Raymond: Please describe Émaux de Longwy’s overall creative and design process, including the methods, tools, and materials Émaux uses to develop and prototype these designs.
Martin: Several workshops safeguard the secrets of Longwy enamel-making. These works of precision showcase exceptional French craftsmanship orchestrated by a passionate team of specialized artisans who have immersed themselves in a lifetime of rigorous training to achieve an unparalleled mastery of their métier. From the plaster model to the shelves, it takes no less than seven different skills, passed down from generation to generation, to create a single Longwy piece. The shape of the piece is created by our stylists in the design department and a plaster model is made by our molding workshop. This model helps create the mold—a hollow plaster cast in which a mixture of kaolin, clay, and water is poured. The plaster absorbs the water from the newly formed liquid clay, forming a “crust” along its walls.

The finishing department removes imperfections and smooths out the appearance by rubbing the piece with a sponge before baking it overnight. The resulting white terracotta is called the “biscuit.” The outline of the design imagined by the artist is then covered with a black ink using a drip, the only existing technique to decorate ceramics with enamels. This prevents the colors from mixing when each section is filled with enamel.

Once each section has been properly colored, the piece is baked overnight. A retouching operation follows which then requires a second firing. To check for any imperfections in the glaze, a burnt sienna powder is mixed with water and washed over the piece. This specific process is quite delicate and difficult to implement—it requires the expertise of our master craftsmen. Lastly, all Longwy pieces are covered with a thick layer of glaze that grants the object with a unique, uniform, and visually impactful surface, giving the deposited colored enamel a depth that is challenging to reproduce in decorated earthenware. Every piece that emerges from the Faïencerie carries the Longwy mark and is accompanied by a Certificate of Origin.
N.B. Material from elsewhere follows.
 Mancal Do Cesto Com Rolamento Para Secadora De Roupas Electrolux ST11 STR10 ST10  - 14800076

Raymond: Does Émaux utilize a proprietary or unique technique or technology to conceptualize these enamels?
Martin: In 1798 the Boch family founded the first ceramic manufactory now known as Émaux de Longwy. In 1835, the Huart family became the owner and helped it to prosper for over 150 years. In 1870, the Italian Amédée de Carenza, a specialist in cloisonné, joined the house and created a new artistic process: the black enamel line which replaced the brass wire—which delineates the different colors, resulting in more vibrant, visually impactful hues. This is a signature characteristic of Émaux de Longwy and illustrates how the first enamels were born. Since joining Manufactures Emblem Paris, the brand has experienced a real creative revival and has reconnected with the glory of its past thanks to its iconographic archives.
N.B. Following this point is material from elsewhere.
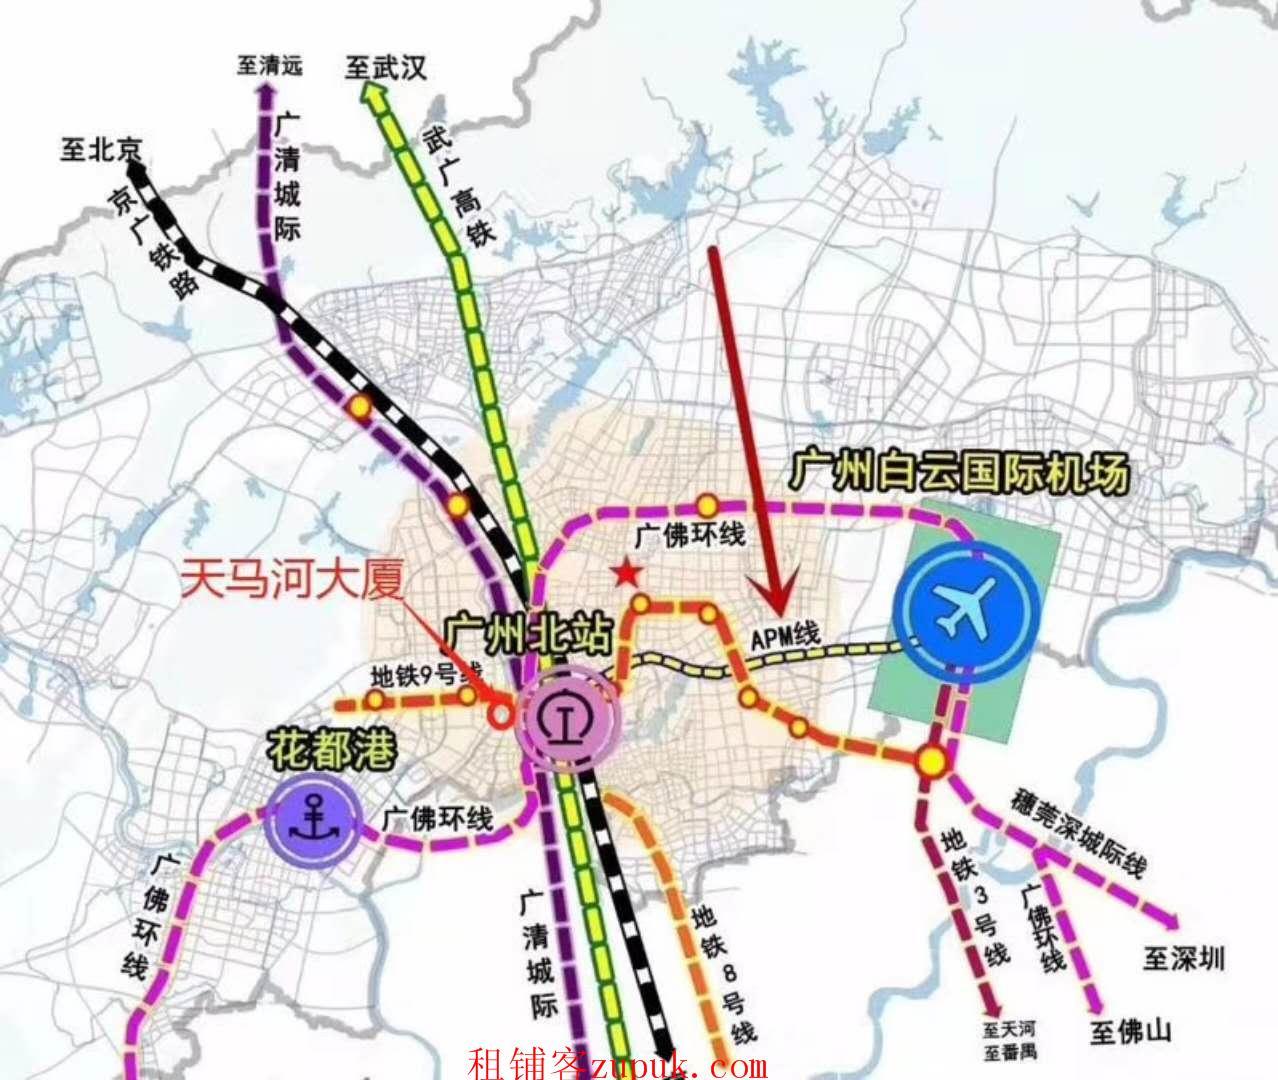 广州花都汽车城地铁旺铺招租!你敢来看,我就敢免租!
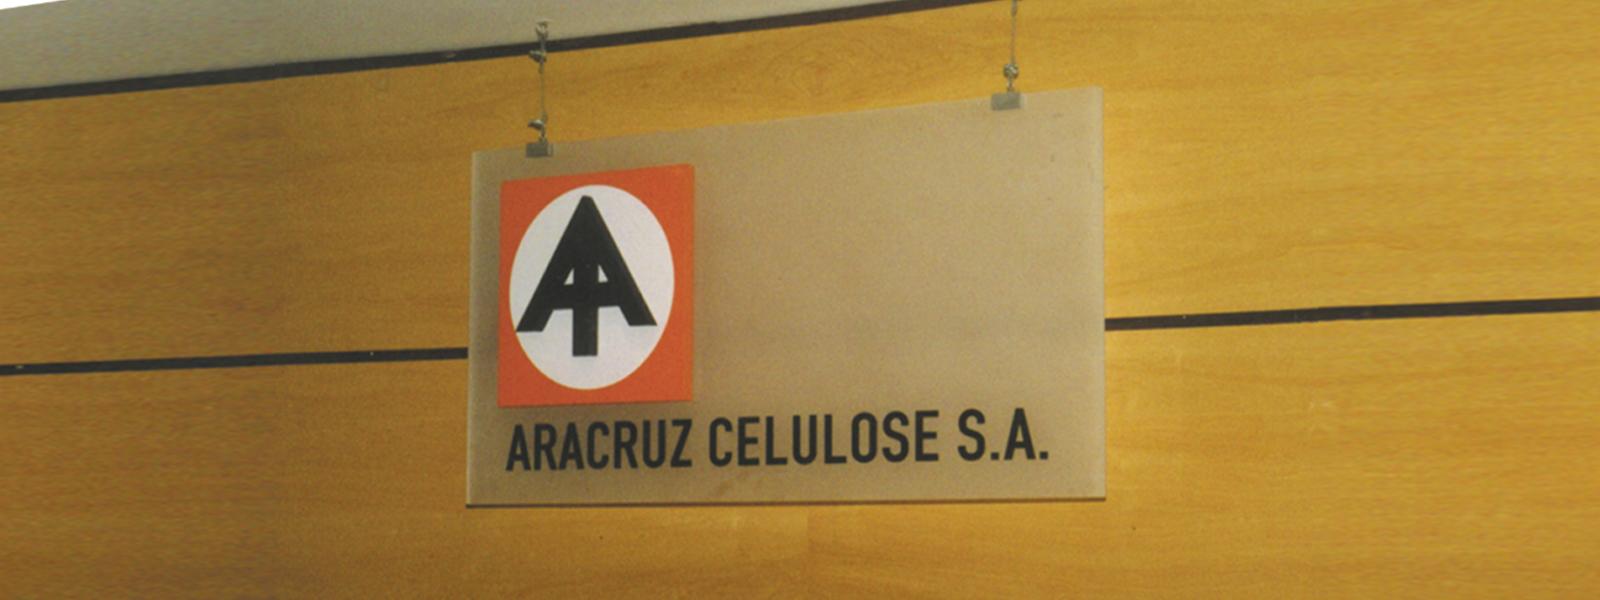 aracruz_home5.jpg

Raymond: Describe the overall brand DNA and Ethos
Martin: For several years now, many artists and designers have joined the “Longwy adventure”, forming a new chapter in its legendary history. Today, ceramists, decorators, jewelers, and painters illustrate a new vision of excellent work. Vincent Darré, Pierre Gonalons, India Mahdavi, Pierre Marie, José Lévy, Françoise Petrovitch, Michael Cailloux and many others still sign earthenware works that showcase their respective styles yet remain loyal to the storied DNA of the House.